Thomas Allan (25 November 1832 – 8 April 1894) was an English song collector and music publisher from Newcastle upon Tyne who played a major part in the recording of the music of the day.

== Career ==
In 1858, he joined his brother Ralph's stationery business. Soon afterwards, he opened his own shop selling papers and books.

== The publication Tyneside Songs ==
In 1862, he published his first book, Tyneside Songs. The first edition was very small and covered mainly songs of Edward "Ned" Corvan and George "Geordie" Ridley.

Over the years he developed the book, adding to it, until eventually it became an extremely large volume with almost 600 pages (590?). The title was changed to Allan's Tyneside Songs, and the contents increased to cover not just the songs but details and histories of them, their writers and singers. As it developed, the theme changed from one of solely popular songs to encompass many older traditional songs, aiming to spread the popularity of the book to a wider audience. It is now an invaluable source of historical reference providing wealth of information.

The second edition followed in the following year of 1863.

1864 saw the third edition now entitled A Choice Collection of Tyneside Songs by E. Corvan, G. Ridley, J.P. Robson, R. Emery ... etc.

In 1872, a further edition was published.

The edition of 1873 was called A Choice Collection of Tyneside Songs by Wilson, Corvan, Mitford, Gilcrhrist, Robson, Harrison, Emery, Ridley, Oliver, Shield, &c,. &c., &c., with lives of the authors illustrated with views of the town and portraits of the poets and eccentrics of Newcastle. It was published by Allan, 62 Dean Street, Newcastle upon Tyne: & 16 Collingwood Street, North Shields. ("Ralph Allan, Tyne Street, Newcastle upon Tyne" was also mentioned on the cover, possibly as a seller)

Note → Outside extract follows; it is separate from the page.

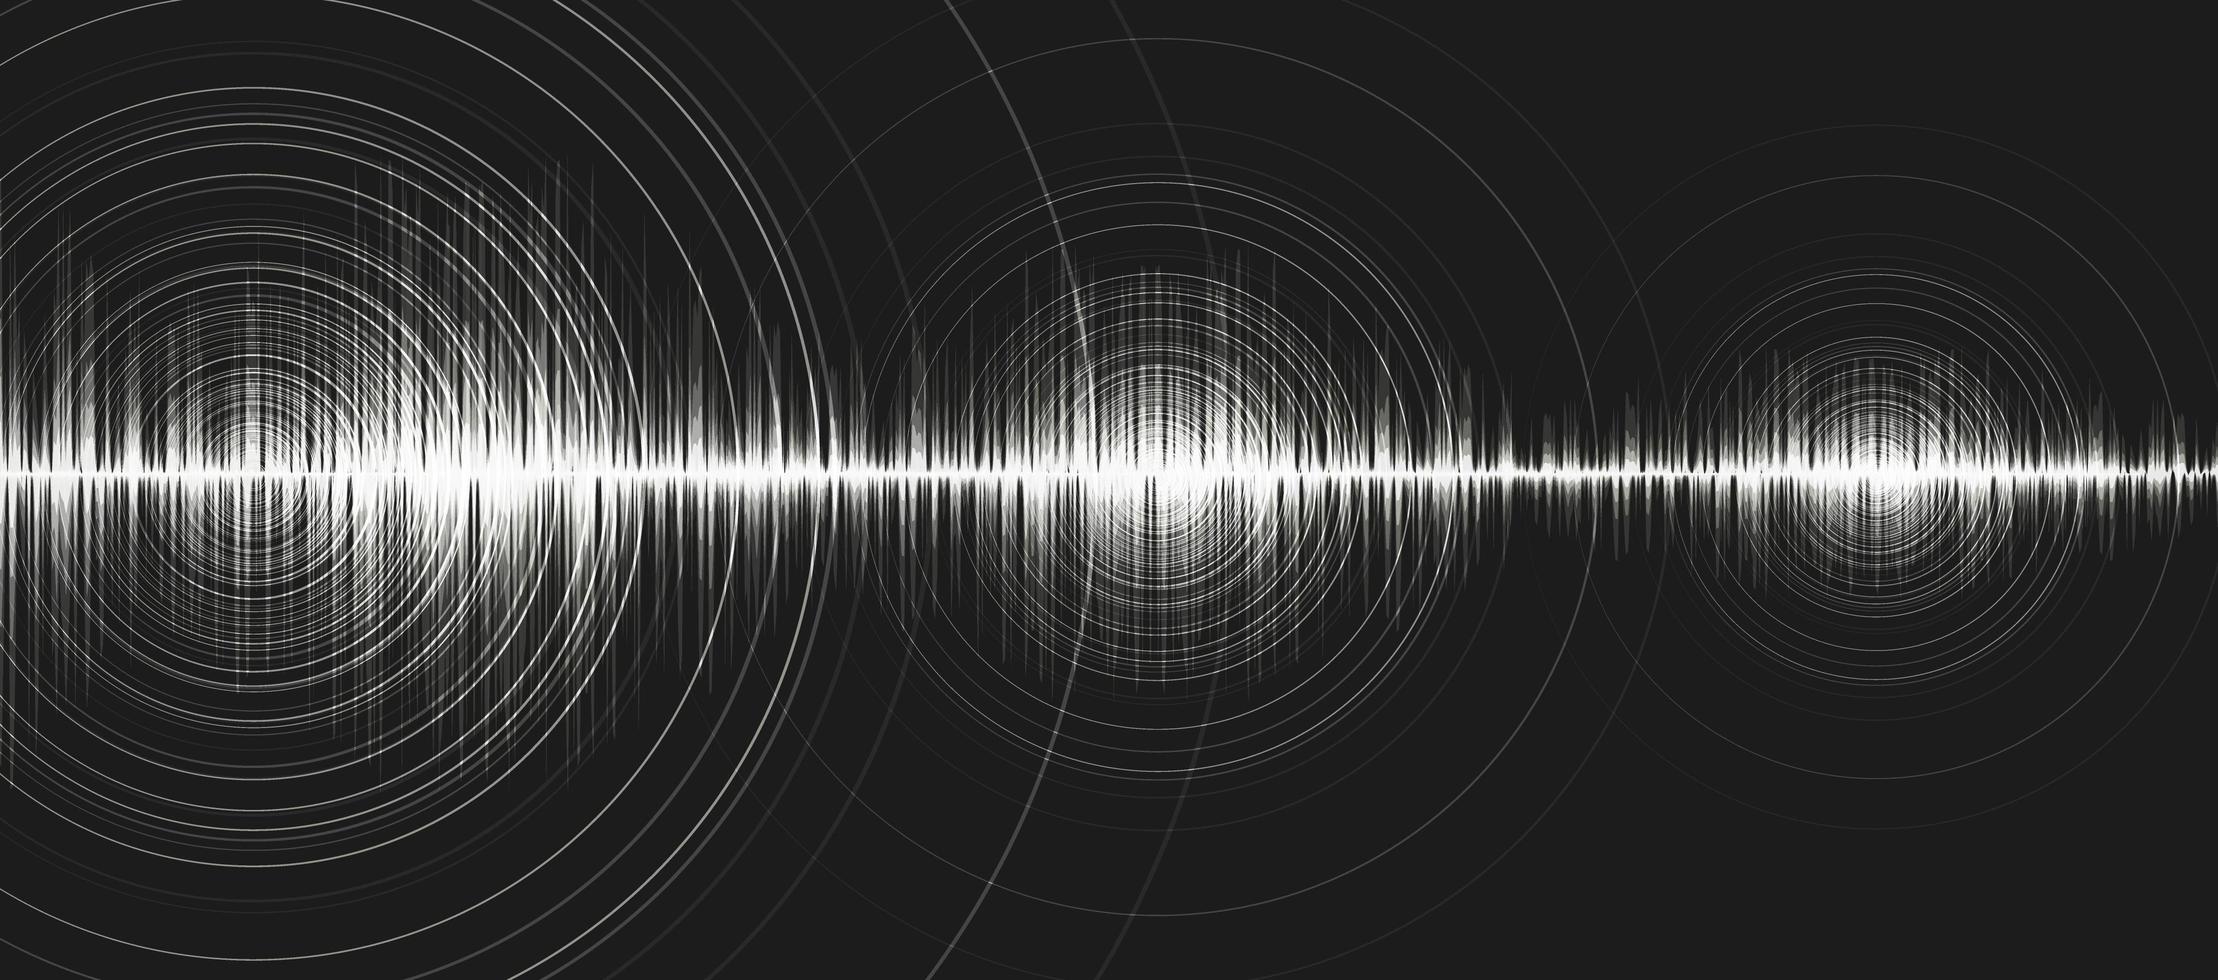 onda de som digital branca baixa e escala de richter de alto nível com vibração de círculo em fundo preto, tecnologia e conceito de diagrama de onda de terremoto, design para estúdio de música e ciência, ilustração vetorial. vetor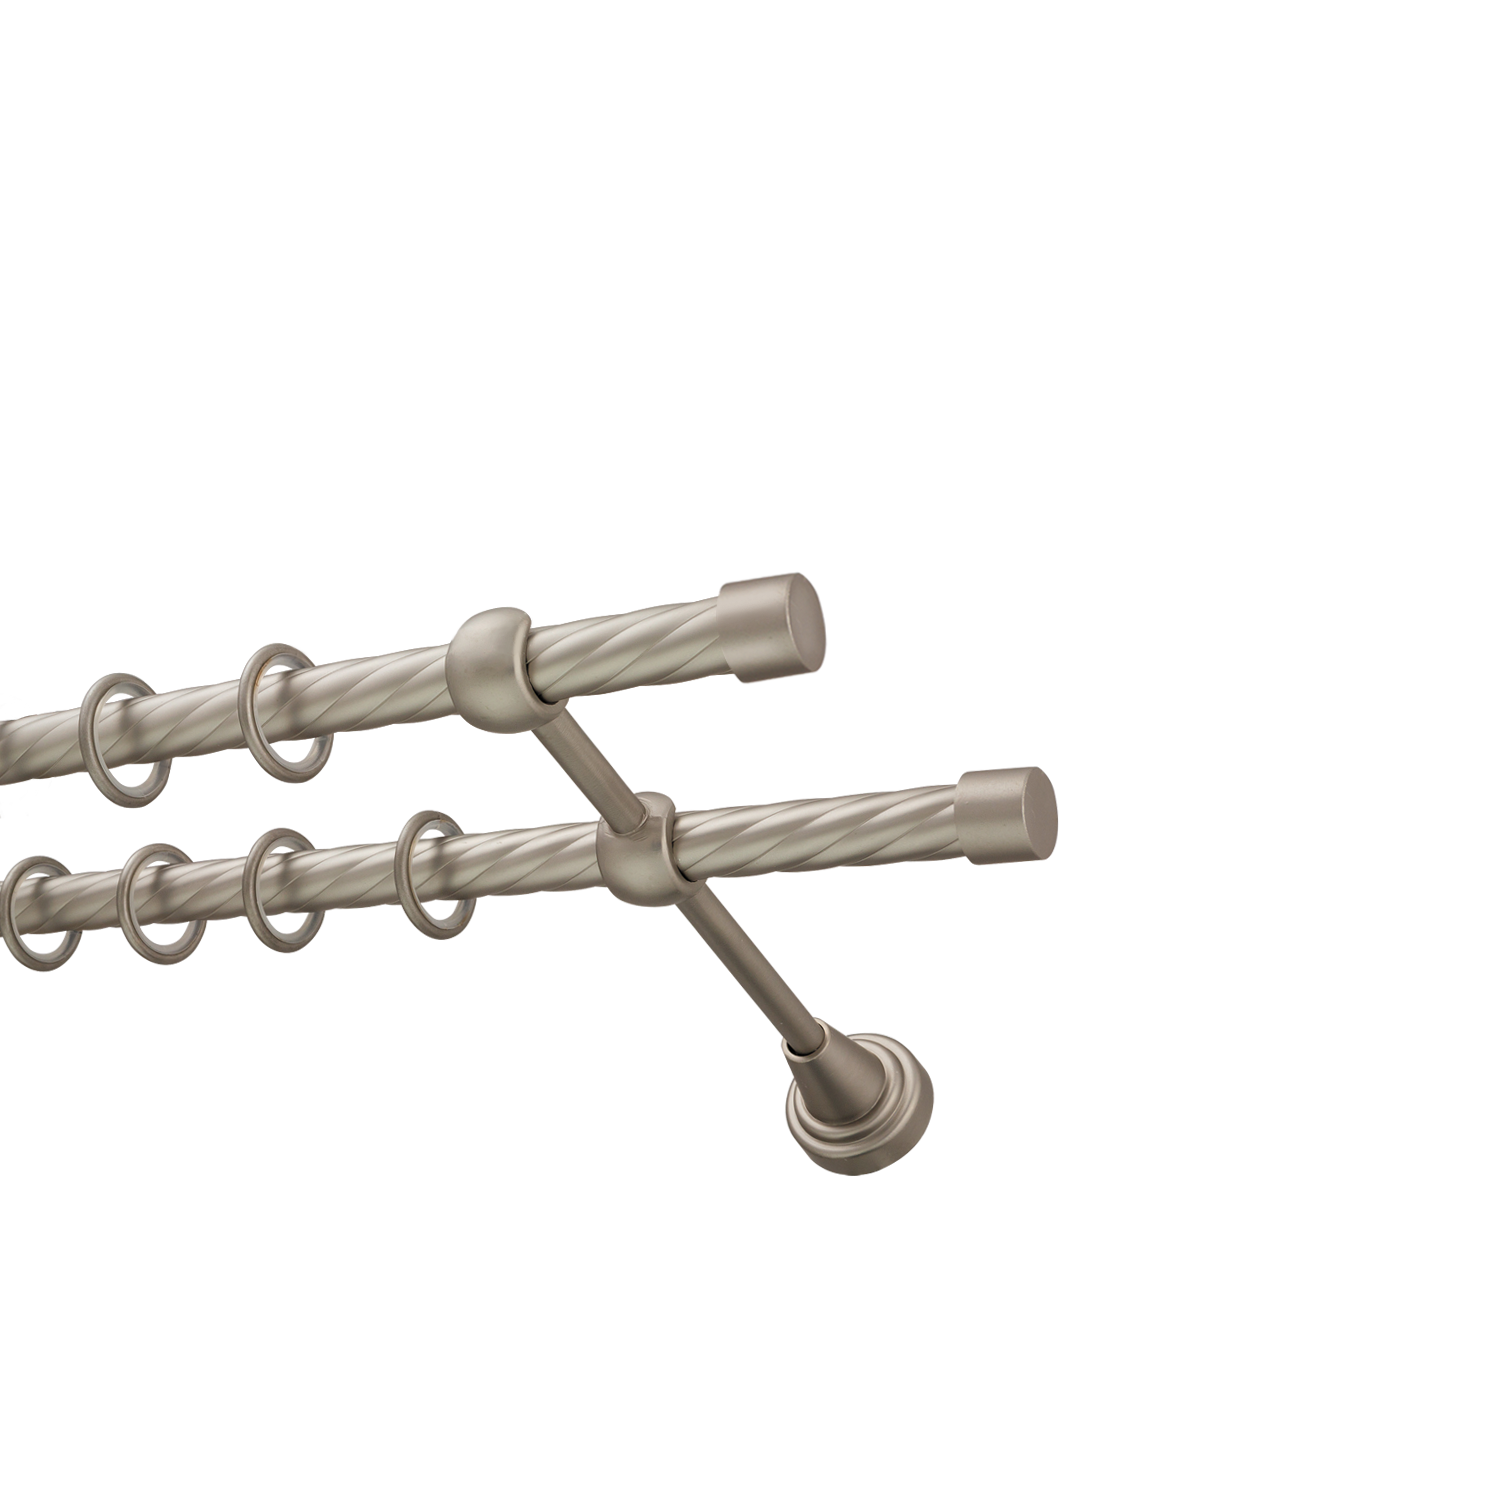 Металлический карниз для штор Заглушка, двухрядный 16/16 мм, сталь, витая штанга, длина 200 см

The final edition was published in 1891 and was now called Allan's Illustrated Edition of Tyneside Songs and Readings with lives, portraits and autographs of the writers and notes on the songs. Revised edition. The publisher was Thomas and George Allan, 18 Blackett Street and 34 Collingwood Street, Newcastle upon Tyne, and the cover stated that it was "Sold by W Allan, 80 Grainger Street & B Allan, North Shields: & W Scott of London".